For a whale to attack a ship was unheard of. But in the middle of the Pacific Ocean, a big bull sperm whale rammed the Essex. It was about a third the size of the ship. A newer, sturdier ship would probably have withstood the assault - the whale was dazed after smashing into the Essex, but then came at it again. It was big enough to smash in the side, and it happened to hit it broadside exactly at its most vulnerable point. To this day, there is no way of knowing why the whale attacked the Essex. Did it somehow recognize the whalers as killers of its kin? Did it mistake the ship for another whale? Was it just insane?

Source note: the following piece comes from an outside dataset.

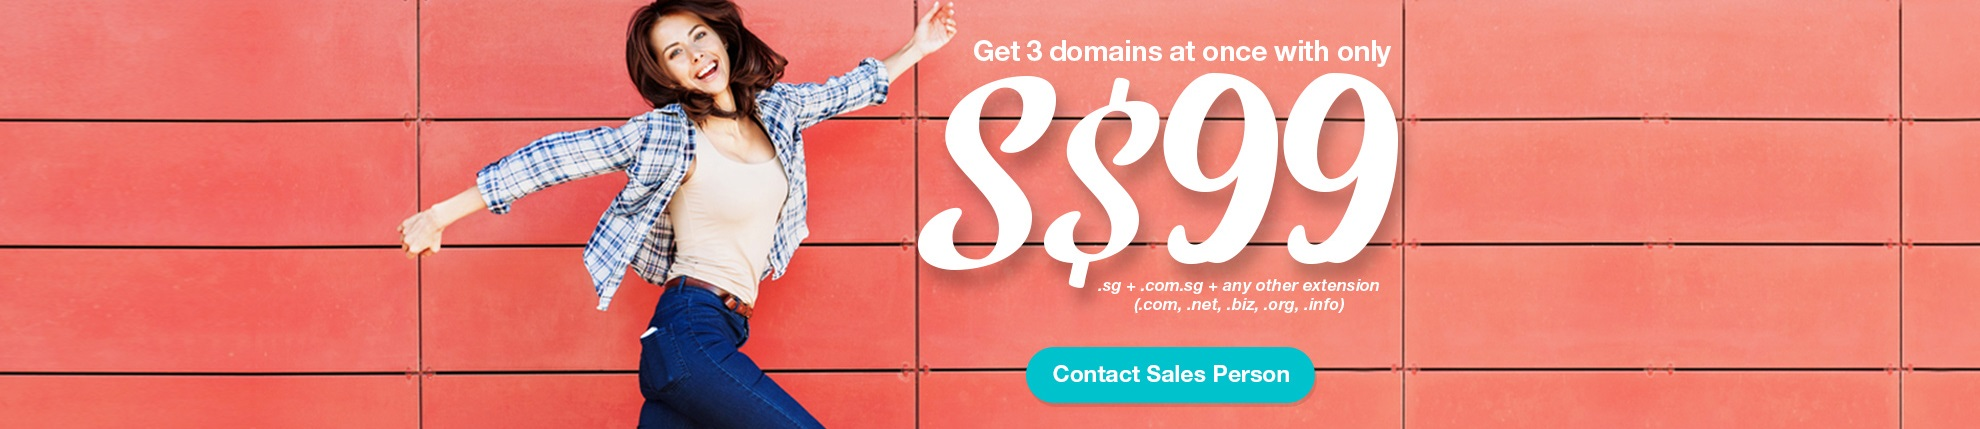 Domain Promotion

The sailors abandoned ship and then spent months aboard their boats. They made many mistakes. They could have reached Tahiti safely, but were afraid to do so because of lurid tales they'd heard of headhunting cannibals who would sodomize captives before killing and eating them. So instead they tried to reach South America, thousands of miles away. Their boats were separated, and in the end, they were forced to resort to cannibalism, and even drew lots to choose which survivor would be killed to feed the others. Eight survivors were eventually rescued by another whaling ship.

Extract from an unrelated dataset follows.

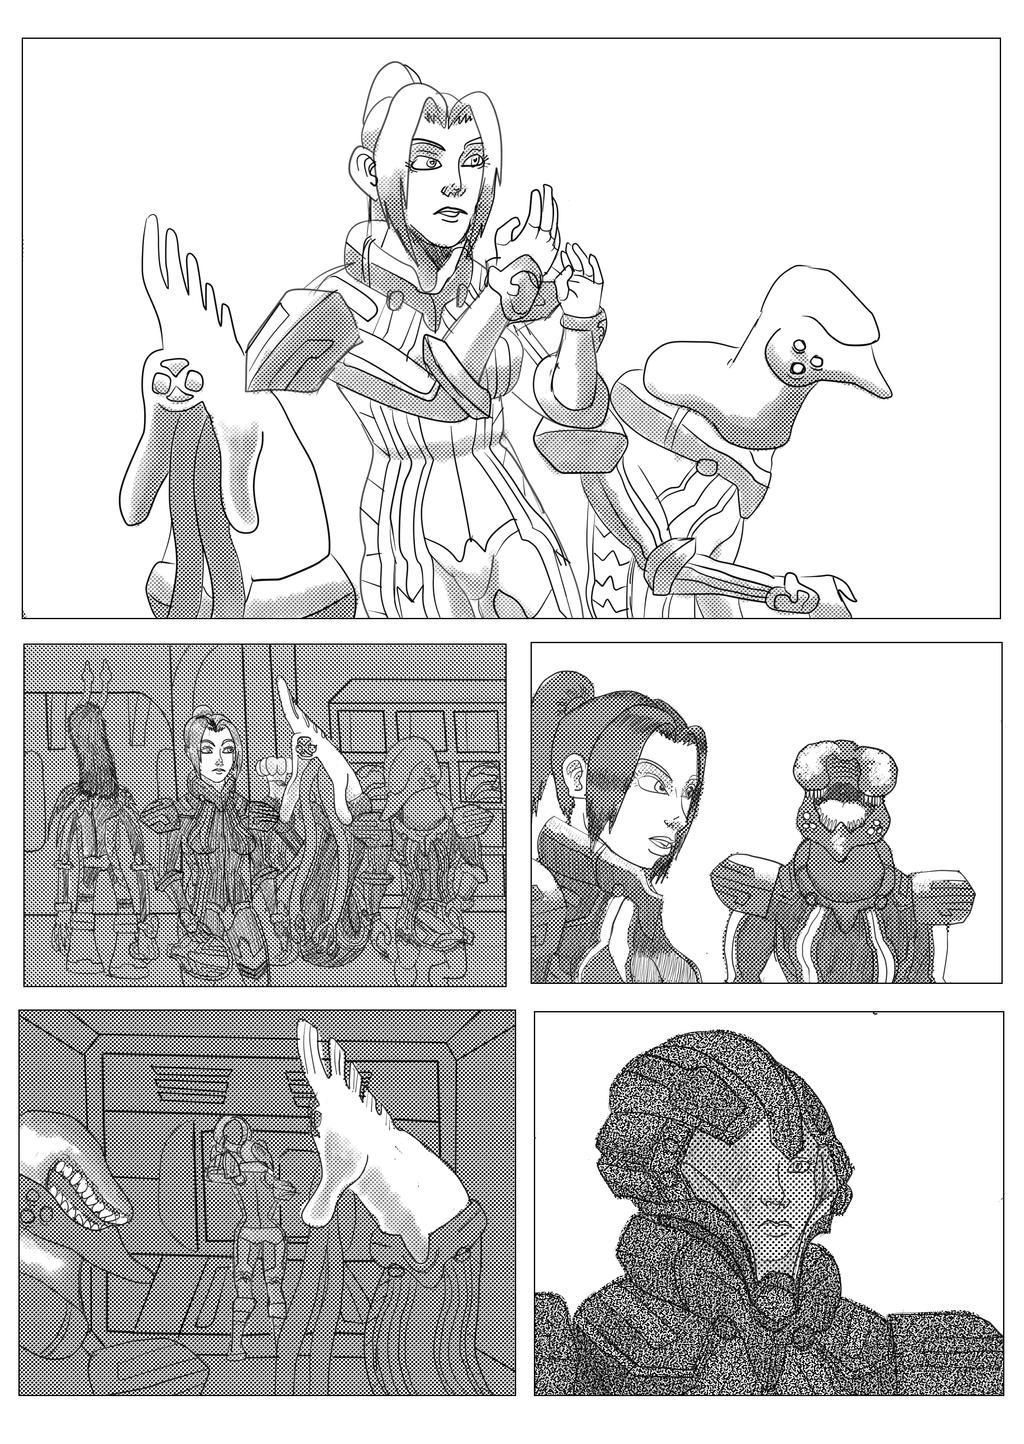 Starfighter Comic Page By Sabertoothliger On Deviantart Fanpage brasileira dedicada a webcomic starfighter. starfighter comic page by

The story of the Essex understandably caused panic throughout the whaling community. What if the whales were finally fighting back? According to Philbrick, in the years that followed there were several more accounts of sperm whales attacking boats and even sinking ships. But it was still pretty rare - the whales certainly were not communicating or planning organized resistance, as appealing as that idea might be.

Amazingly, all eight of the Essex survivors soon went to sea again. What else were they going to do?

In the Heart of the Sea is a great, dramatic account of one of those incredible survival tales that make you thrill at the obstacles faced by men at sea, while hoping you never have to go through anything like that. It's also thoroughly researched, and will educate you about whales, whaling, and the history of early American maritime communities, as well as a full account of what happened to the Essex and their men.

I was still rooting for the whales, though.



In the Heart of the Sea (2015)



This 2015 Ron Howard film, starring Chris Hemsworth as Owen Chase, recreates the Essex disaster, based on Nathaniel Philbrick's book. Filmed like a period piece, it has some good moments, though for me, the film almost but not quite achieved the epic storytelling it was trying for. The acting was only okay (Hemsworth is mostly good at alternating between smirking and angry bellows, making Thor the ideal role for him), so while I thought it was a good movie, I am not surprised that it did not do well at the box office. For the most part, it sticks accurately to the real life sequence of events and the true biographies of the crew. About the only real embellishment was having the whale follow the survivors in the weeks after its attack, surfacing now and then to terrorize them. In reality, the whale that attacked the Essex swam away afterwards - it did not stalk the whalers like a reverse Ahab.